When she began her MPH studies at the Colorado School of Public Health at CSU, however, her experience aligned with the vocabulary and concepts of public health practice. And because she chose to pursue a dual degree program including an MPH and a Master of Urban and Regional Planning (MURP) – earning the latter degree from the University of Colorado – Denver – her experience dovetailed with the theories and approaches she was learning in her courses.

Now Liz, who will graduate in May in the Physical Activity and Healthy Lifestyles concentration, is using both her experience and education in her full-time role as the built environment planner for the Larimer County Department of Health and Environment. As a member of a four-person, grant-funded built environment program, she is part of a team whose mission is to promote health equity in plans and policies.
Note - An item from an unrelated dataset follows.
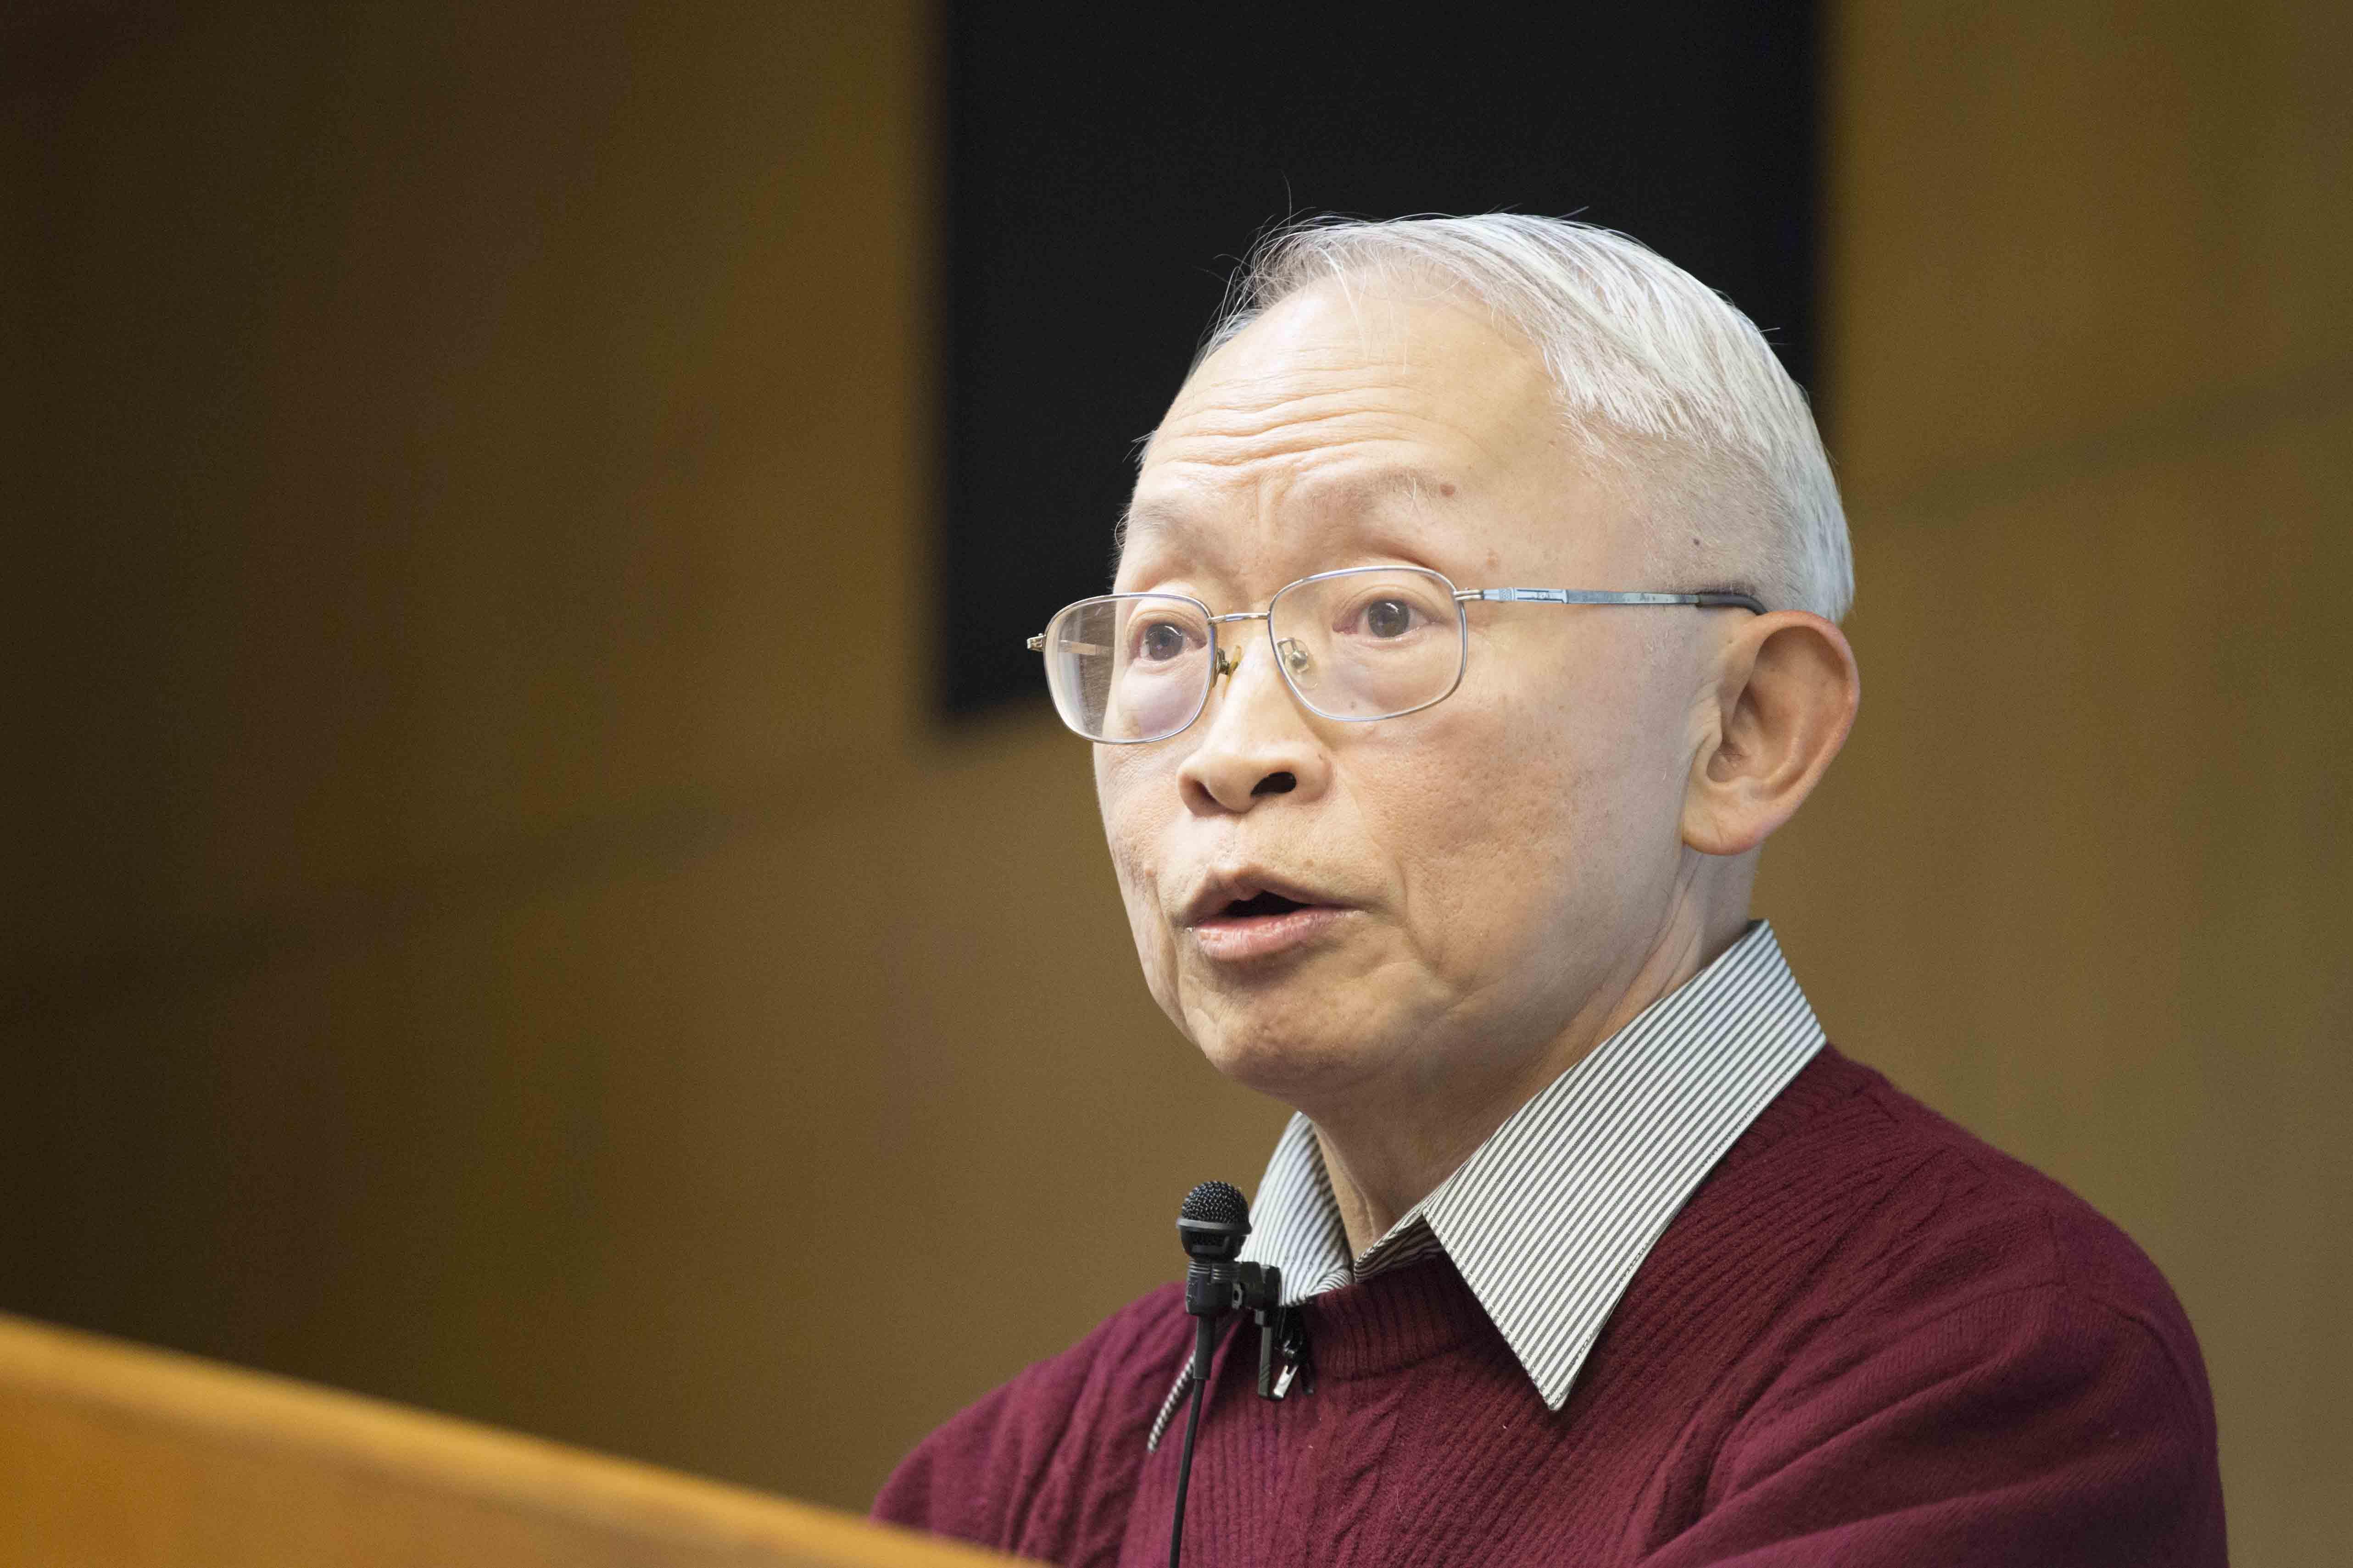 李琳山是臺灣研究語音技術的先行者,也是全球研究華語語音技術的拓荒者,一路看著「華語語音技術」由誕生、成長到茁壯。 圖│研之有物

“Even the term ‘built environment’ is still really jargon-y,” she said. “We explain it as our physical environment that we create; everything that’s not natural. What we’re trying to do is get underrepresented voices to participate in the civic engagement process of creating that built environment.”

Winding path to the built environment

It was a circuitous path, though, that brought her to her current understanding of the built environment. While completing her undergraduate education in family and consumer science education and business management at CSU, she focused on pursuing a career in education. She taught high school food science and teen choices classes in Loveland, then segued into AmeriCorps VISTA, running a secular bike refurbishing program hosted by a Christian organization in Greeley.
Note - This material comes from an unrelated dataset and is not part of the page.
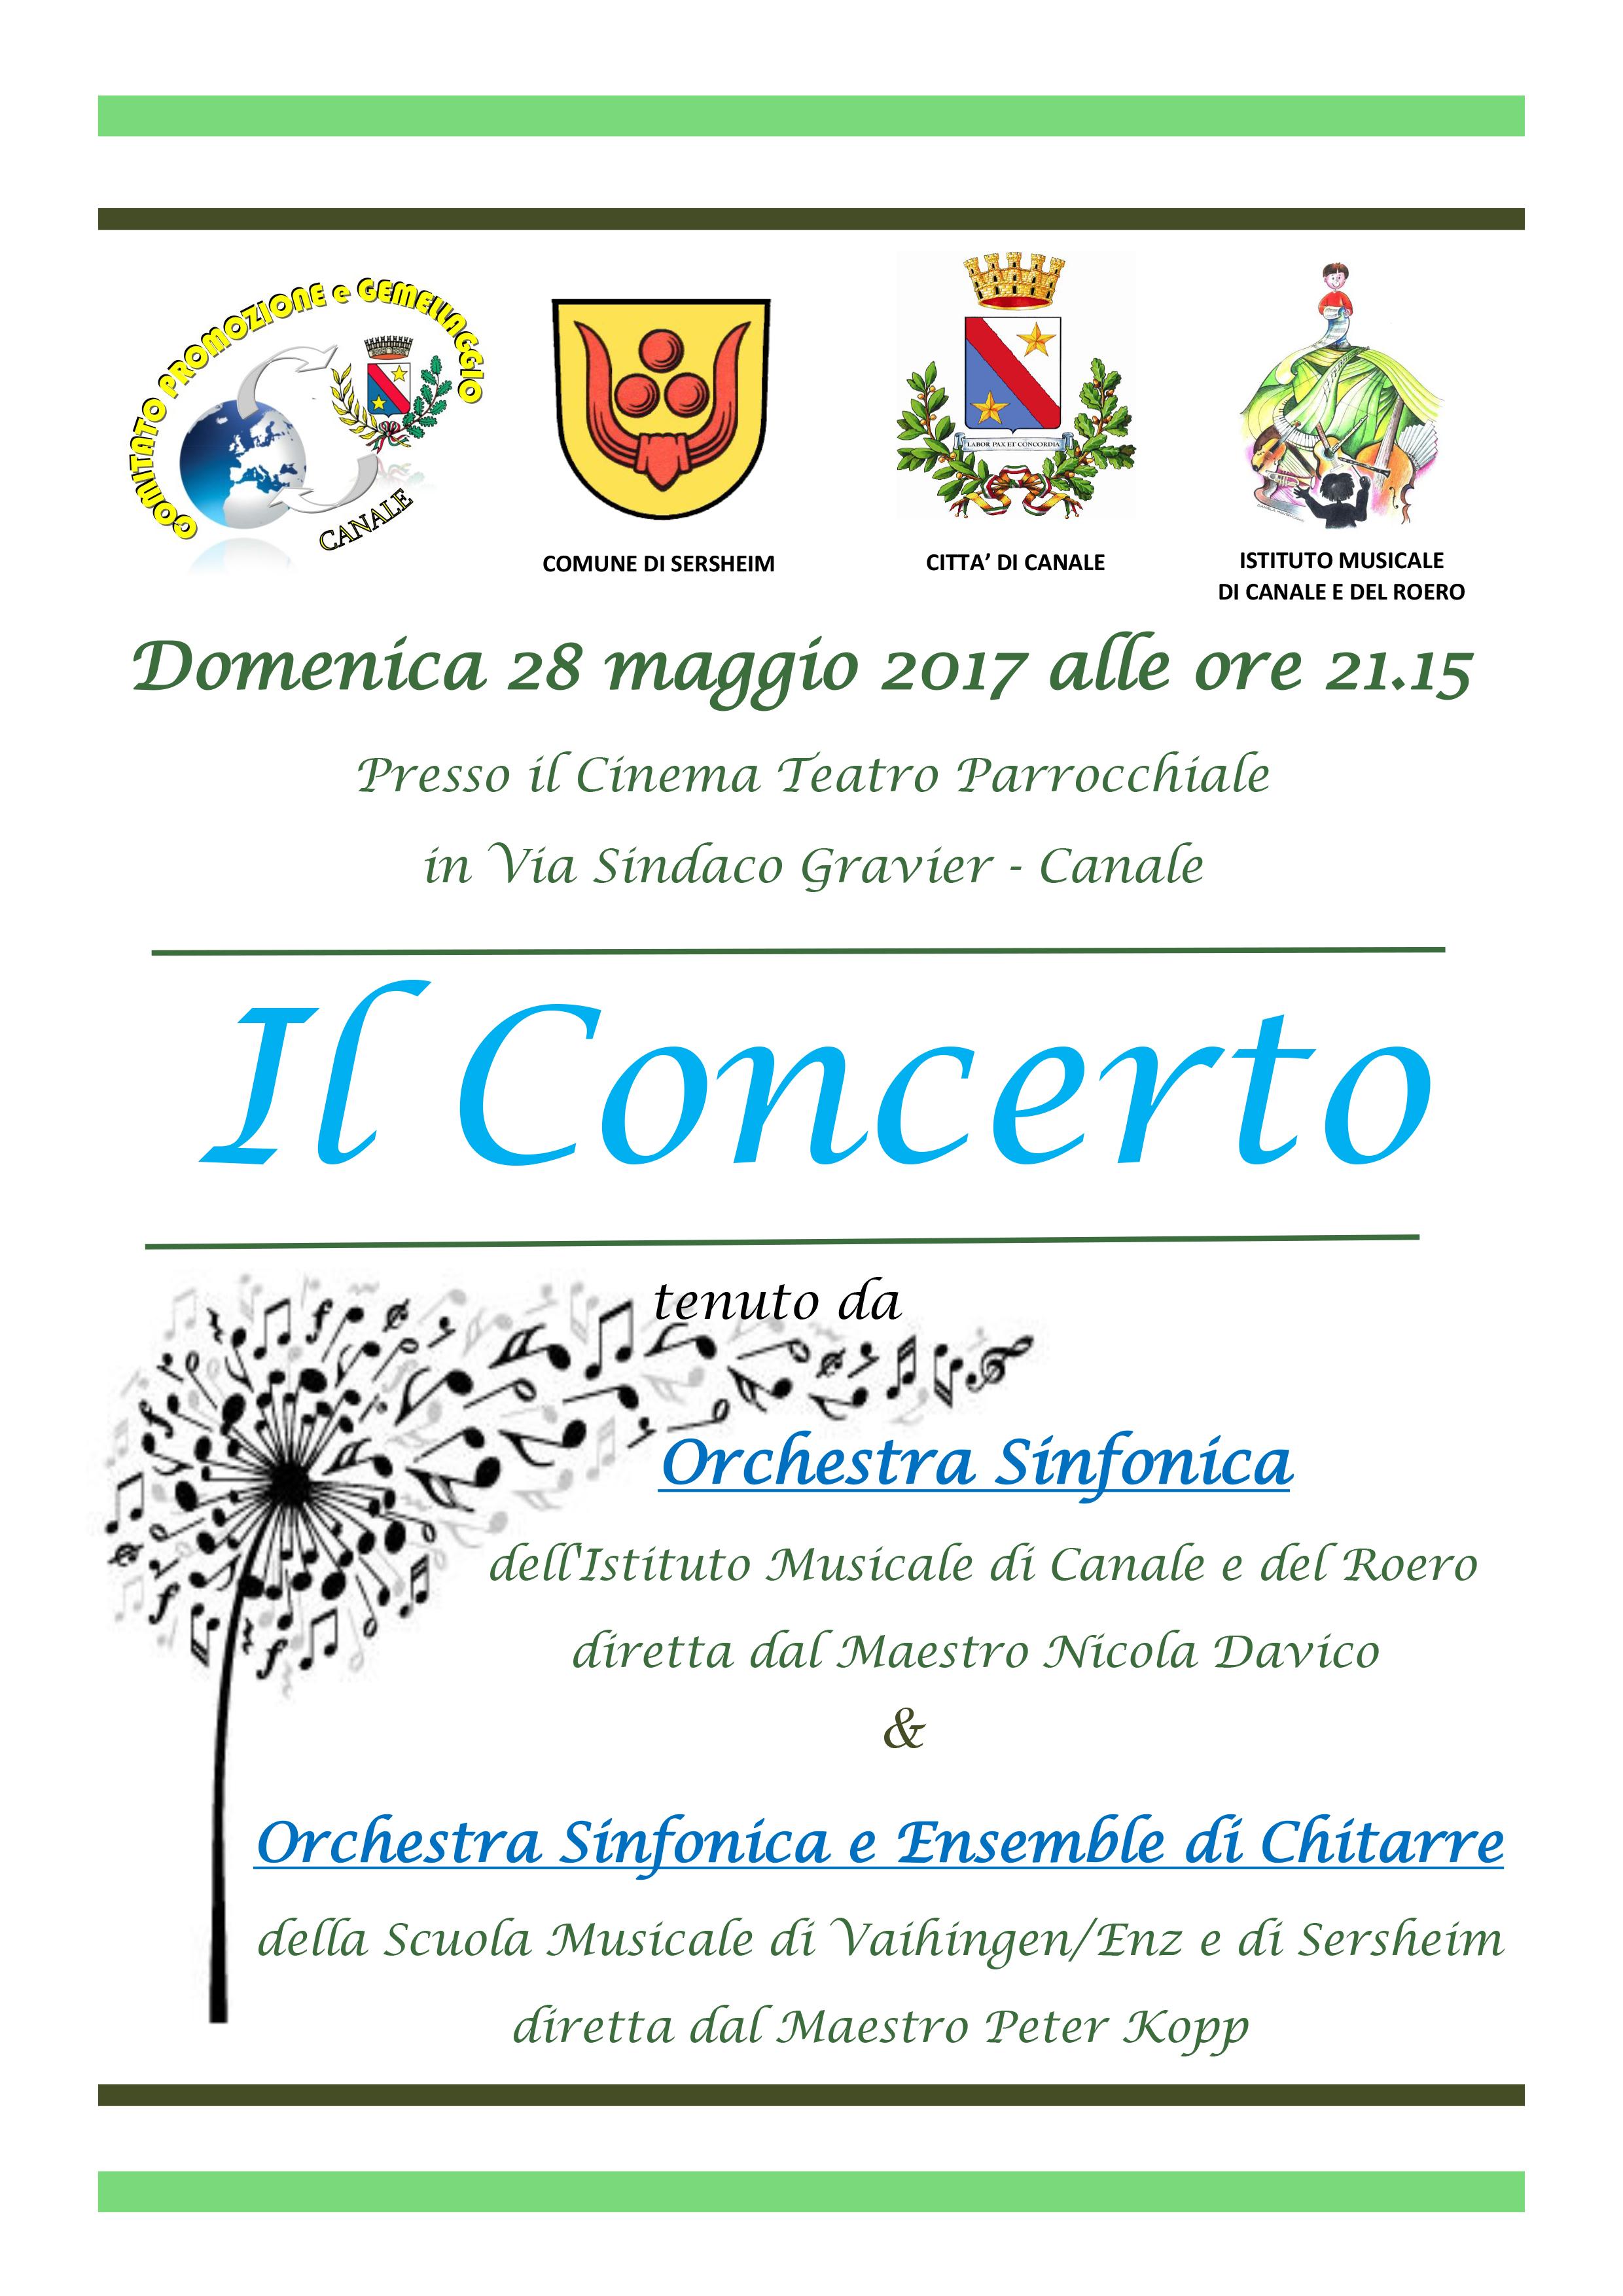 Concerto 28 maggio

Through the bike refurbishing program, she began working with immigrant populations and learned that simply matching people with the appropriate bike wasn’t enough.

“There were missing pieces,” she said. “At first we weren’t giving out helmets and locks. And then we thought, OK, repair kits, but you’re never going to find bike repair sheets written in Somali. So, we found some that were more illustrative, and then we worked on maps. But even that wasn’t getting at the root issue, which is that people can’t safely get to where they need to go.”

She said that her involvement in the bike community and issues of active transport helped her recognize her interest in going up a level and working on the policies that shape what she came to learn is the built environment.

“For example, one of the big issues is, we make a program for people to be healthy at the park,” she explained. “But what if they don’t have a park in their neighborhood? What if they can’t safely get to the park? I want to be a person who makes the decision that there’s going to be a park.”

In her position as built environment planner, she is working on projects that range from mapping to partnership building to biking and transit surveys. She said she sees her role, in part, as bridging public and private stakeholders that often can operate in silos and leveraging public health resources.

She said learning the vocabulary and concepts of public health as she pursued her MPH has helped her to “engage with people without being harmful,” she said. “That’s something that the field of public health does very intentionally and very well. We’re figuring out how to build capacity and promote health.”